80 initial_porosity = 10  # Initial porosity in percentage
90 porosity = initial_porosity + (v_total / initial_volume) * 100  # Adjusted porosity
100 GRAPH_Y porosity
-end

-active true
USER_GRAPH 5
    -headings               "Time (Days)" "SI_Calcite" "SI_Dolomite" "SI_Quartz" "SI_Kaolinite" "SI_Pyrite" "SI_Illite" "SI_Gypsum"
    -axis_titles            "Time (Days)" "Saturation Index"
    -chart_title            "Saturation Index of Minerals Over Time"
    -axis_scale x_axis      auto auto auto auto log
-start
10 GRAPH_X TOTAL_TIME / 86400  # Time in days
20 SI_Calcite = SI("Calcite")
30 SI_Dolomite = SI("Dolomite")
40 SI_Quartz = SI("Quartz")
50 SI_Kaolinite = SI("Kaolinite")
60 GRAPH_Y SI_Calcite, SI_Dolomite, SI_Quartz, SI_Kaolinite
-end
-active true

[ahmalisha]

Thank you so much for your help.
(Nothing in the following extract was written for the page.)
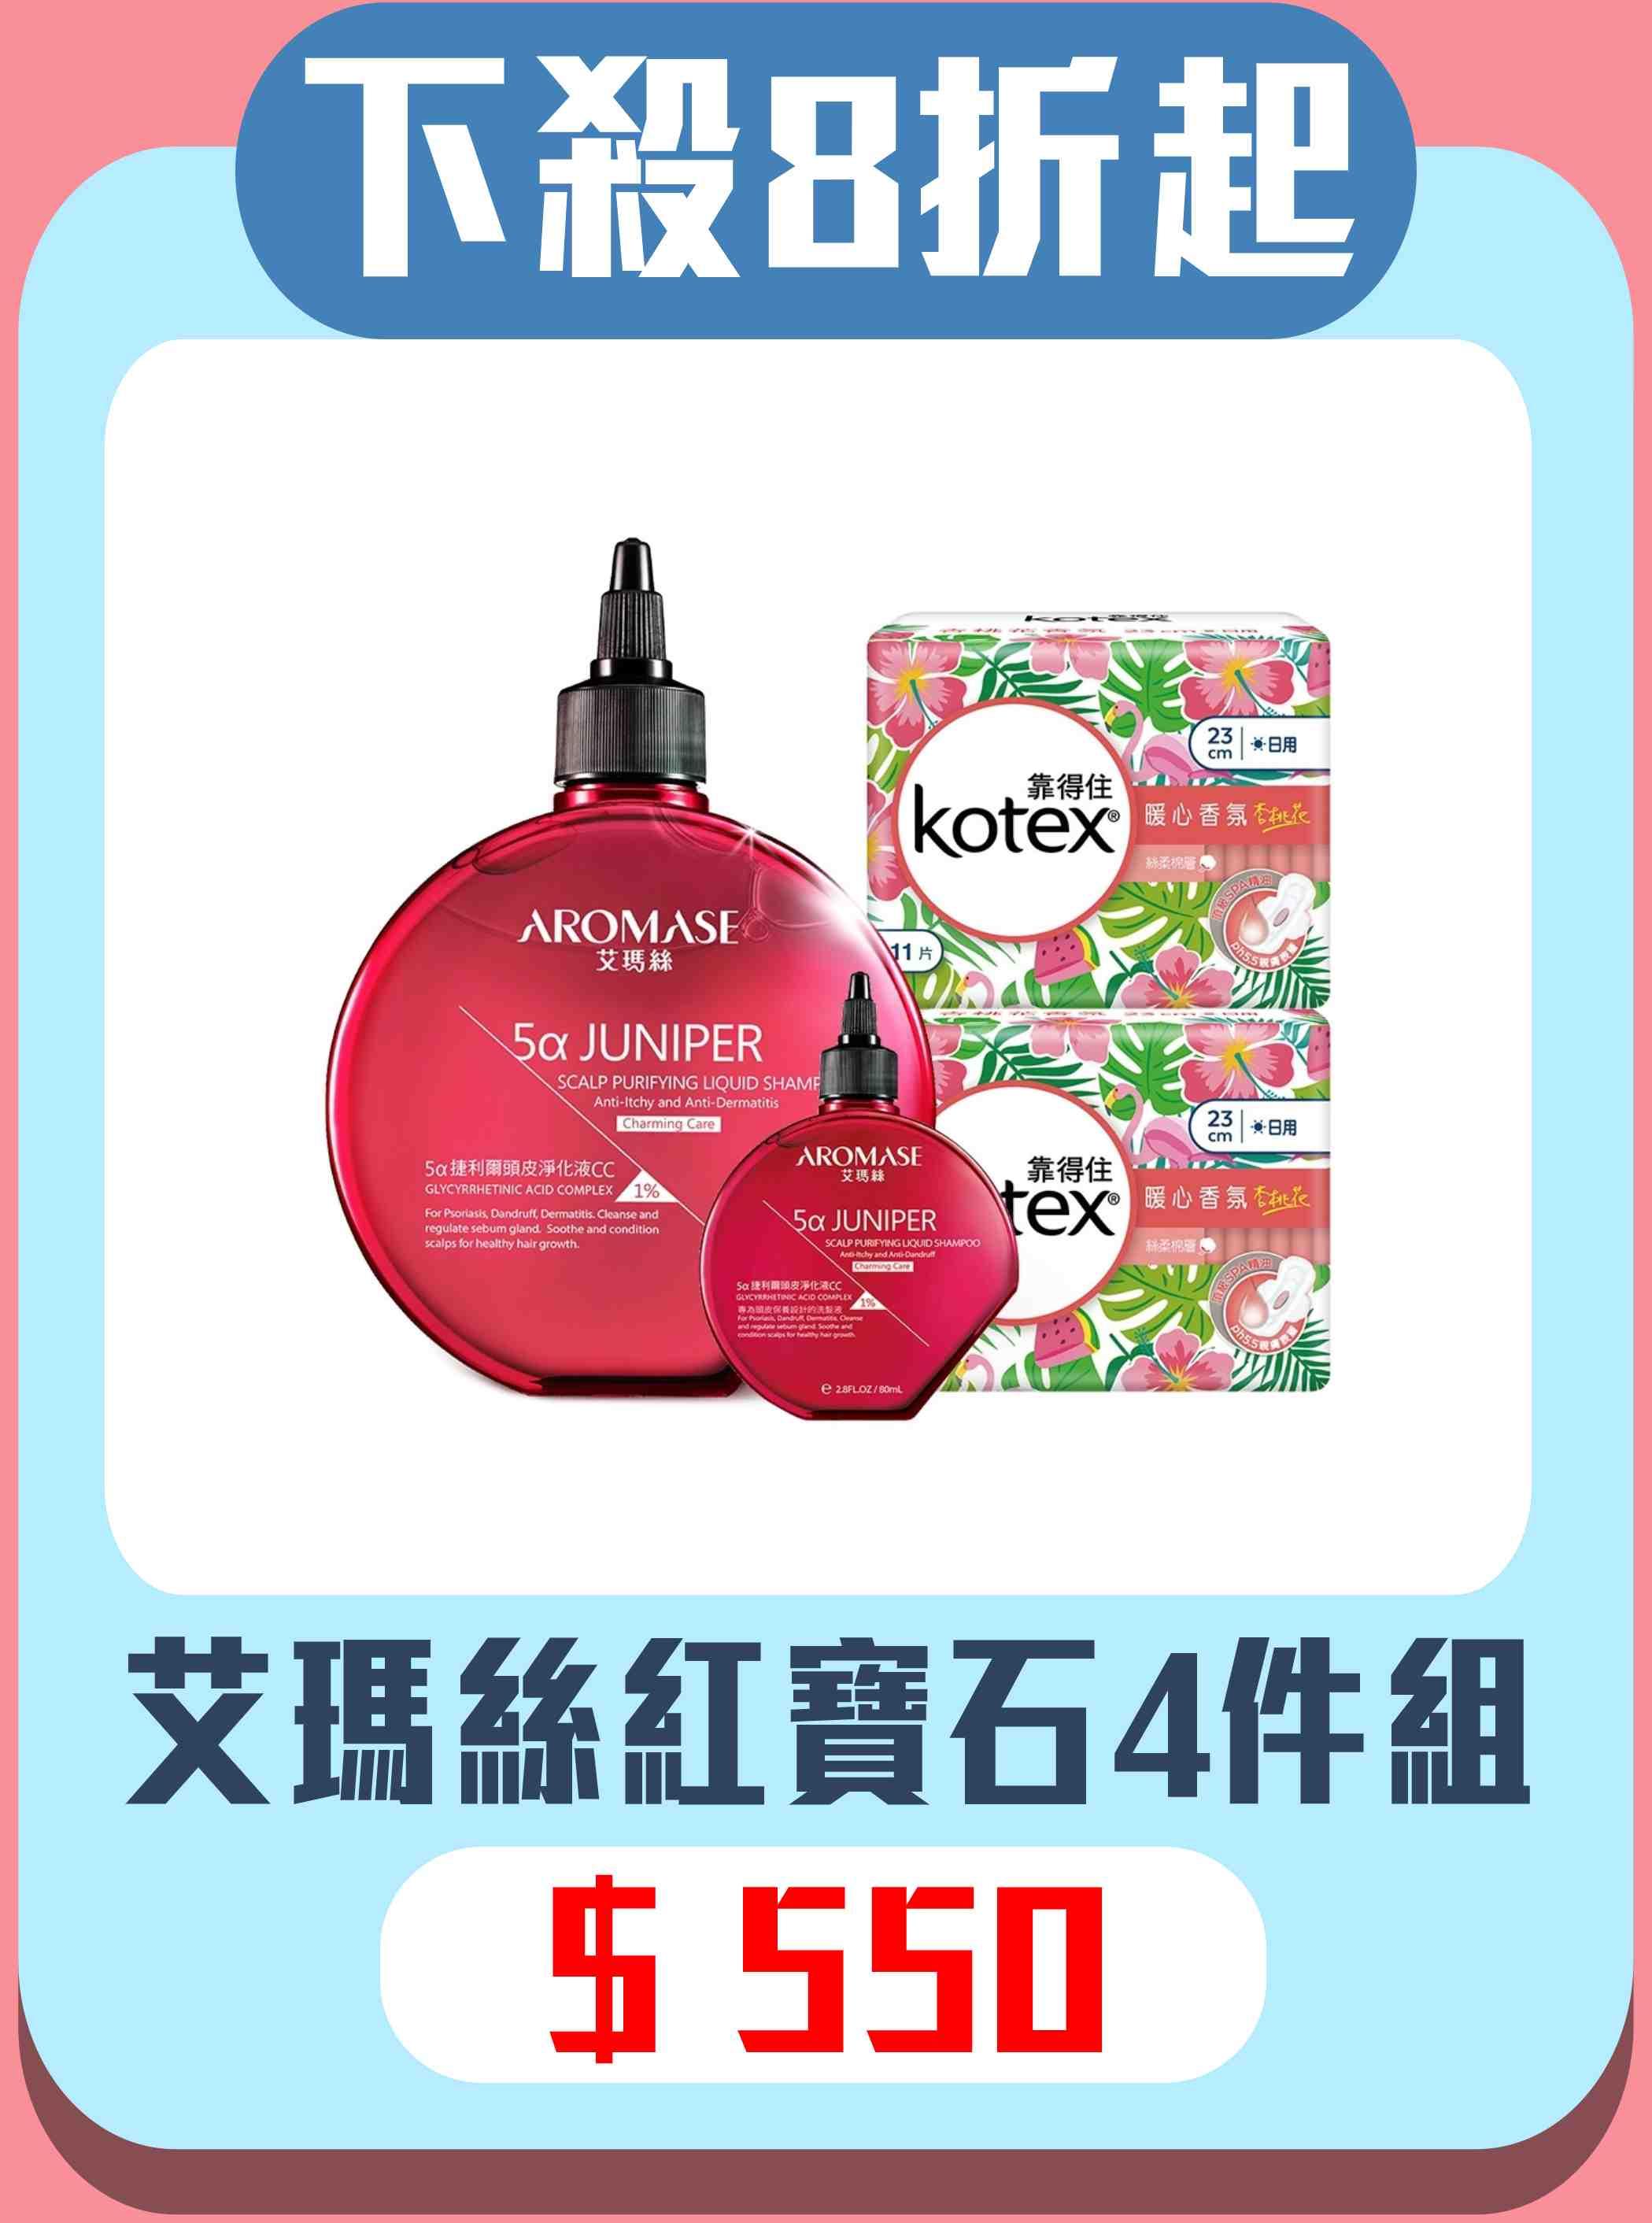 [獨家組] 艾瑪絲紅寶石暖心香氛4件組-杏桃花 淨化液CC260ml+80ml+11片棉x2包

Can you please share the database that you modify?

[dlparkhurst]

I used phreeqc.dat (version 3.8.5, but any version should work). All the additions are in the input file.

[dlparkhurst]

You should not put minerals in both EQUILIBRIUM_PHASES and KINETICS. EQUILIBRIUM_PHASES will cause the minerals to immediately react to equilibrium, so what is the point of kinetics? Choose one or the other.

Calcite is stable relative to vaterite and aragonite in most cases. Putting all three in EQUILIBRIUM_PHASES will cause vaterite and aragonite to dissolve completely to form calcite. Please look at your output file.